The Chateau de Mores in Medora, North Dakota, United States, is a historic home built by the Marquis de Mores in 1883 as a hunting lodge and summer home for his family and guests. The home is now part of the  Chateau de Mores State Historic Site, which also includes Chimney Park and de Mores Memorial Park.

History
The Marquis was a French aristocrat and entrepreneur who came to the Dakota badlands in 1883 to establish a new kind of cattle operation. He planned to slaughter and cold pack his cattle and ship it east in refrigerated rail cars. The slaughterhouse was built in the town which the Marquis founded and named for his wife, Medora Marie Von Hoffman.  Medora was named for her aunt, the second wife of Samuel Cutler Ward.  She was also the granddaughter of John Randolph Grymes and his wife Suzette Claiborne, who was also the third wife of Gov. William C.C. Claiborne.  He built many structures in the town for those he employed in his operations, including St. Mary's Catholic Church. For three years the small town bustled, but in 1886 the operation collapsed due to drought, competition from meat packers back east, and the Marquis' own lack of business experience, and the plant was abandoned. The Marquis and his family returned to Europe, but left behind a small town rife with the flavor and romanticism of the American Old West.
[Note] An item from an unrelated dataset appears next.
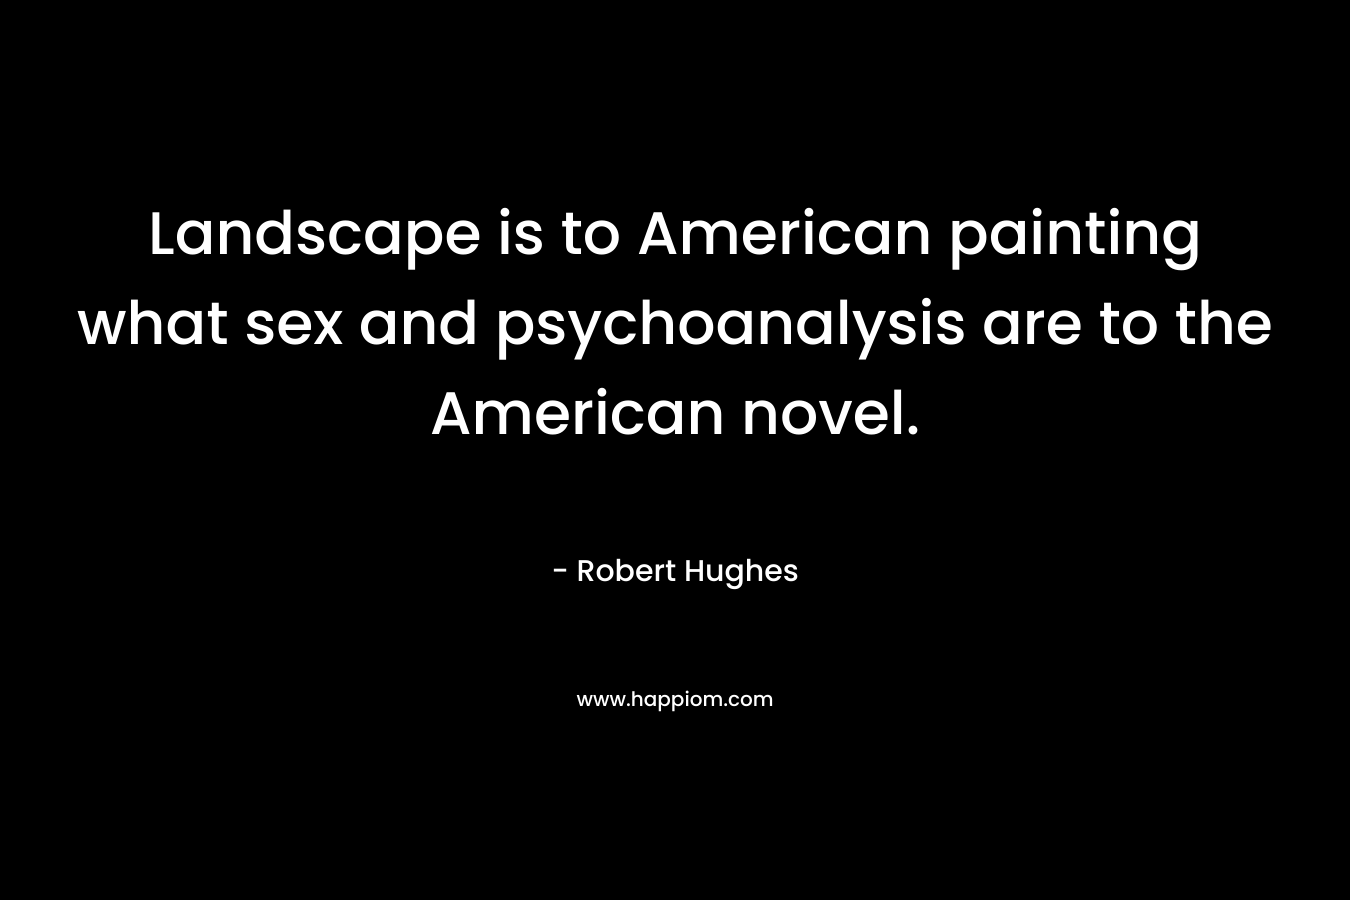 Landscape is to American painting what sex and psychoanalysis are to the American novel. – Robert Hughes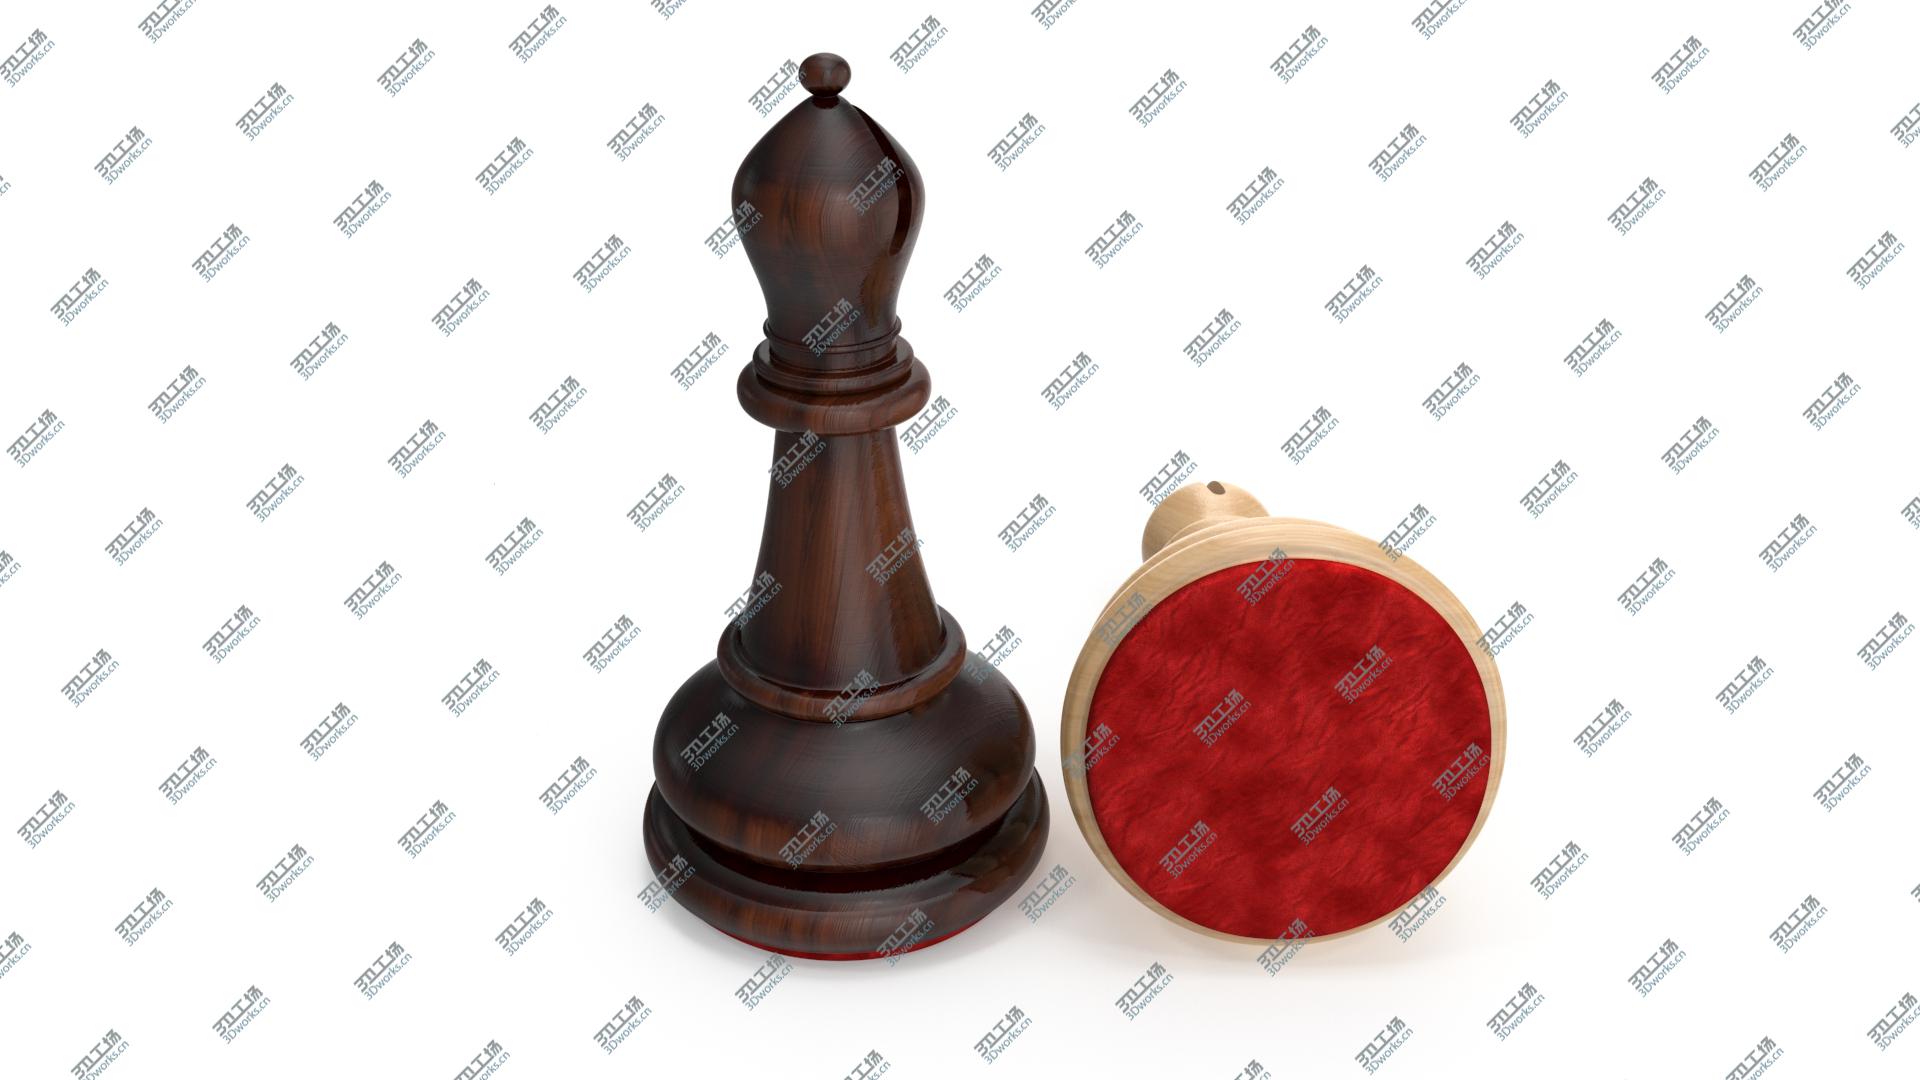 images/goods_img/2021040162/3D Bishop Chess Piece/5.jpg

The chateau was occupied seasonally by the family for only three years from 1883 to 1886. During the harsh winter months they would go to France, returning again in spring. After 1886 the Marquis visited the chateau twice, in 1887 and 1889, while Medora and their children visited only once more in 1903 after the Marquis' death, at which time she spent six weeks there.

From this time on the house was maintained by caretakers. They would ready the house for occupation in the spring but the family never returned. The eldest son gave the caretakers permission to operate the chateau as a boarding house in 1921. During this period the house suffered from theft and lack of maintenance.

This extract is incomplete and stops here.